STAR..........I feel sick for you. I think I relate so deeply to your situation, that I am internalizing Dude as Matthew.........And I want to scream at people for you. I mean, you have no idea, how upset this makes me for you, for Dude, for our country, for our society.
When I was 16 my parents put me in a mental institution because I was suicidal. Back then, this was 24 years ago, the systems were horrific. I saw abuse that took me years of therapy to process and understand. When I look at Dude's situation all I can think of is that place, and how I was locked up there, with no one or nothing I could do about the abuse except watch. I promised myself, that when I got out I would never let that happen to anyone I knew. Again, perhaps, I am just identifying with this situation too much - but it makes me sick to know you and Dude are going through this.

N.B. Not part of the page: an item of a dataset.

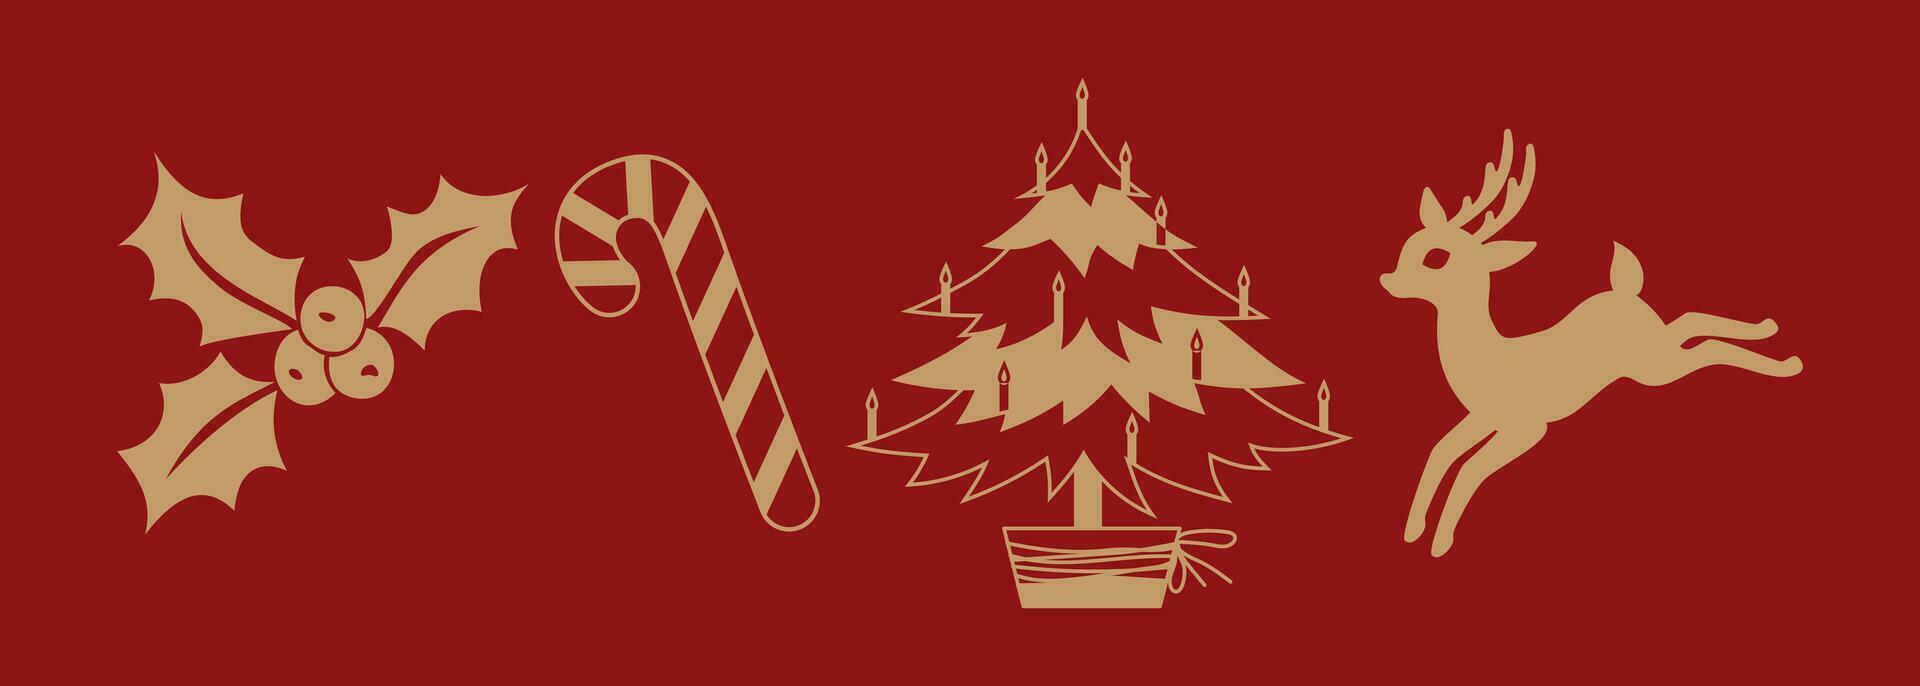 uppsättning av jul och ny år ikoner och symboler på en röd bakgrund. ren, godis sockerrör, järnek bär, jul träd. dekorativ element för festlig design av vinter- holidays.vector illustration. vektor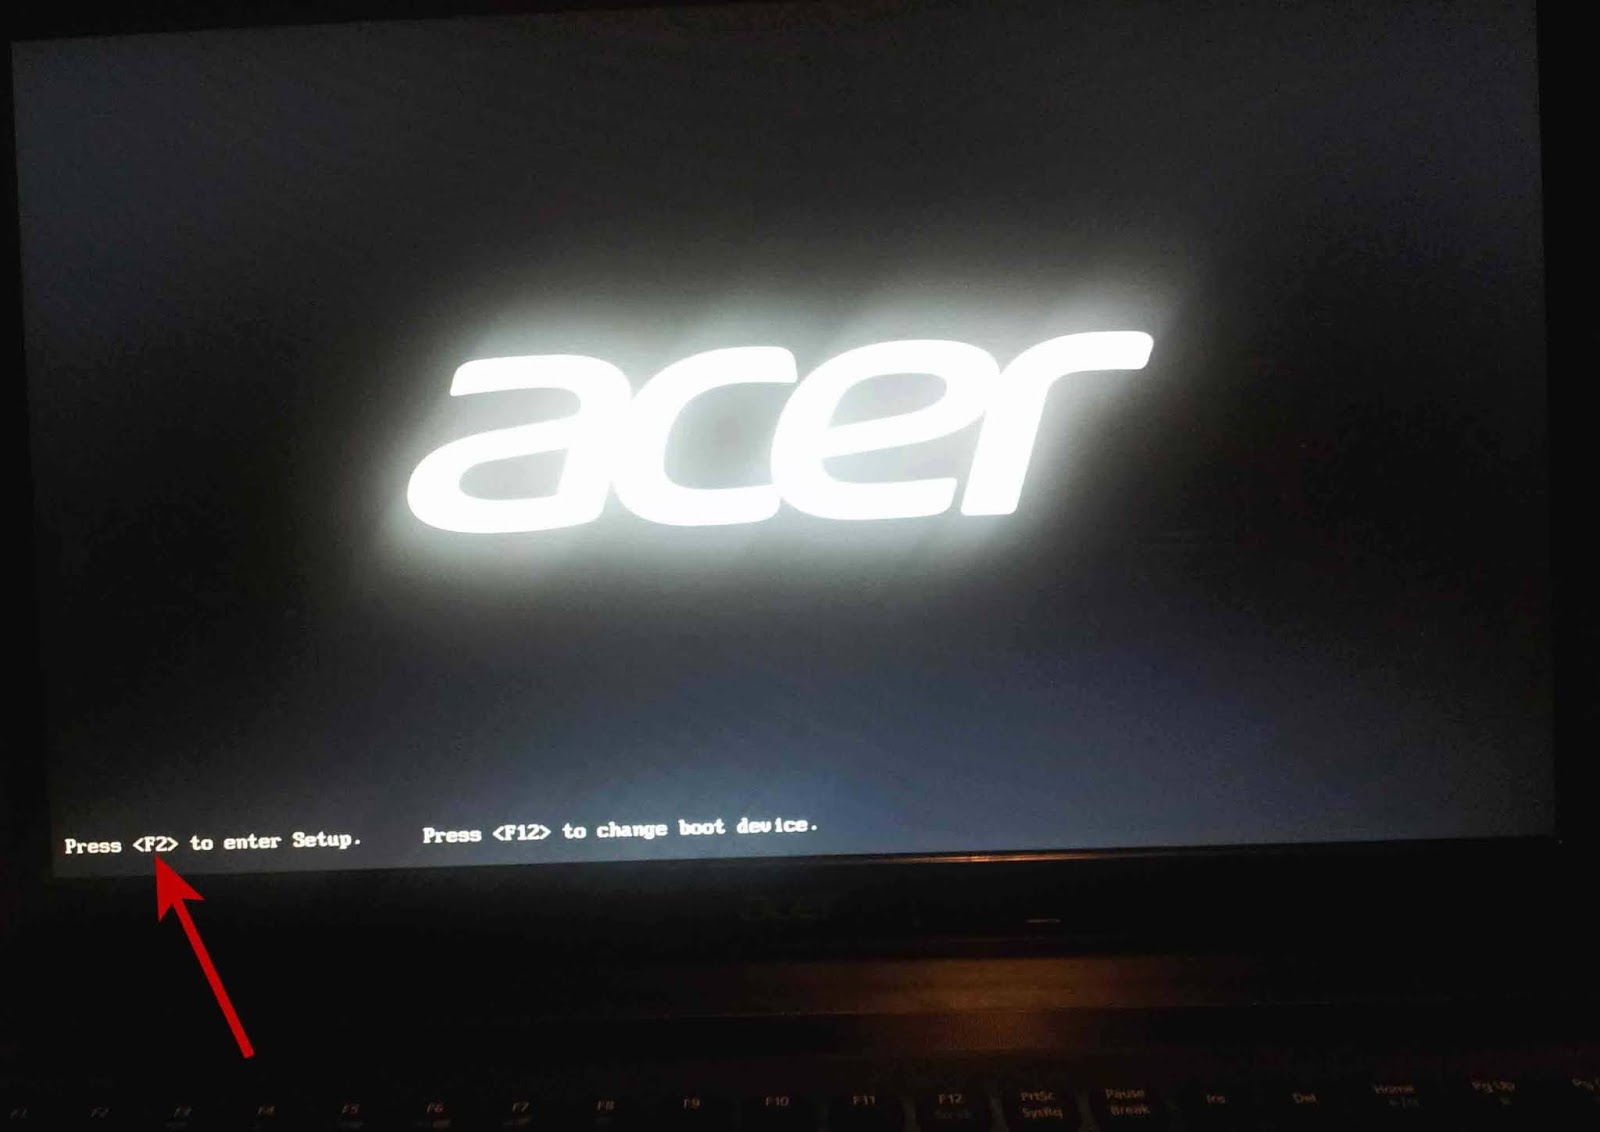 F2 enter. Press f2 to enter Setup ноутбука Acer. Press f12. Press to enter Setup. Надпись на мониторе.

I guess, I always hoped that if our children had the right advocates - they would not have to endure any type of abuse because of their mental challenges. I have learned I am so wrong. And your situation just brings this to light in a hundred different ways.
I do apologize for my previous harsh message. I have wondered and thought a lot about my post, and why I was so angry, but now that I write this, and have had time to process, I know why. It is because you and I can be the best moms in the world, and it still is not enough to protect our kids who need it the most. It just tears my heart out.
Dude and you are in my prayers and thoughts - and I do wish and hope this can be different, somehow.